The FOMC is just full of surprises, isn’t it? While their September rate decision turned out surprisingly dovish, the tone of their monetary policy statement this month was the exact opposite!
As expected, the Fed decided to carry on with its taper schedule, effectively ending their QE program with a $15 billion monthly reduction in asset purchases. The committee also decided to retain the “considerable time” wording when it comes to discussing how long they plan to keep interest rates unchanged.
Their economic assessment was relatively more upbeat this time around, as policymakers seemed more optimistic about employment and inflation prospects. Their statement acknowledged the solid hiring gains and the lower unemployment rate, citing that the underutilization of labor resources is “gradually diminishing”, modified from their previous statement referring to a “significant underutilization” in labor resources.

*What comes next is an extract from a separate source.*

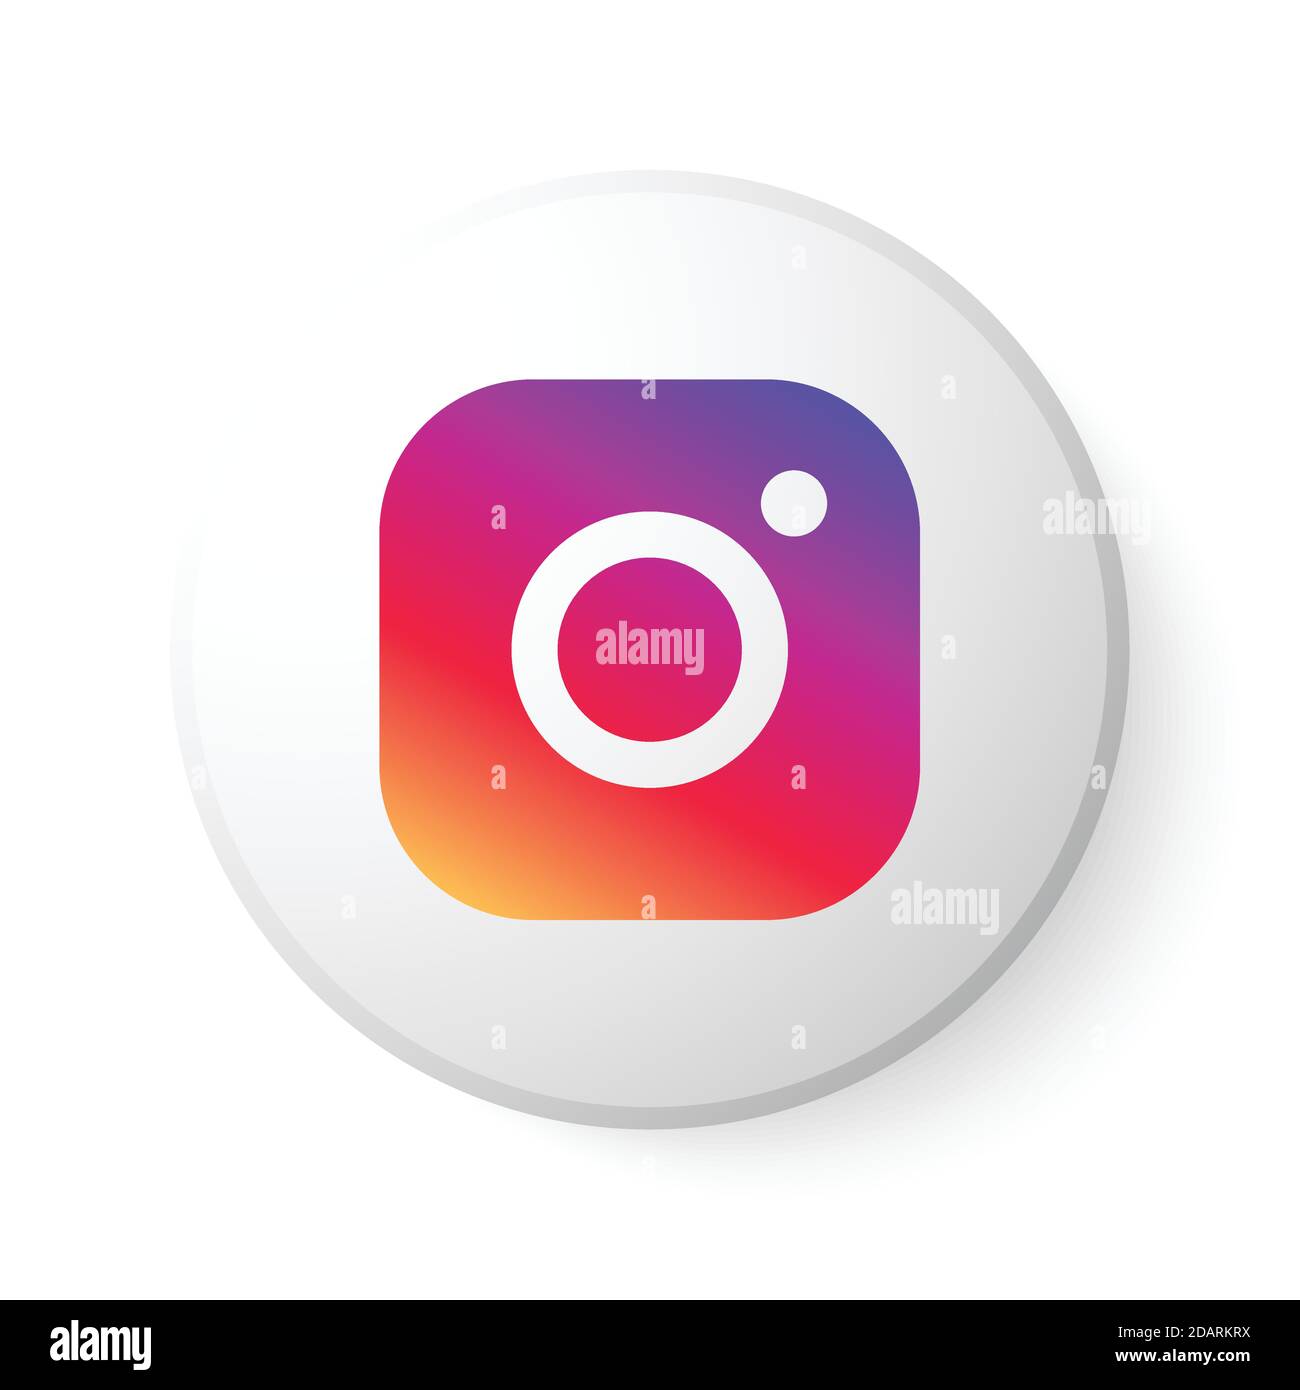 Nút tròn Instagram với đa màu sắc: Nút tròn Instagram với đa màu sắc sẽ giúp trang cá nhân của bạn trở nên sinh động và thu hút hơn. Với những sự lựa chọn đa dạng trong màu sắc, bạn sẽ tìm thấy sự kết hợp màu sắc tuyệt vời cho trang cá nhân của mình.

As for inflation, Fed officials still projected that near-term price pressures might be weighed down by falling energy prices but added that “the likelihood of inflation running persistently below 2 percent has diminished somewhat.” Forex market participants interpreted this as a sign that the FOMC is less concerned about deflationary risks brought about by dollar appreciation for now.
With that, several analysts remarked that the Fed is back as one of the more hawkish central banks in the ‘hood. Some were even surprised to find out that Fed Chairperson Yellen and her gang of policymakers didn’t dwell too much on the negative impact of a euro zone recession and the slowdown in China. Judging from the Greenback’s reaction, it looks like forex traders are once again pricing in expectations of a Fed rate hike by mid-2015!
Of course a lot could still happen until then and not even Yellen can guarantee that the U.S. will stay on track to recovery in the midst of a potential global economic downturn. Do you think the U.S. economy could stay ahead of the pack in the next few months?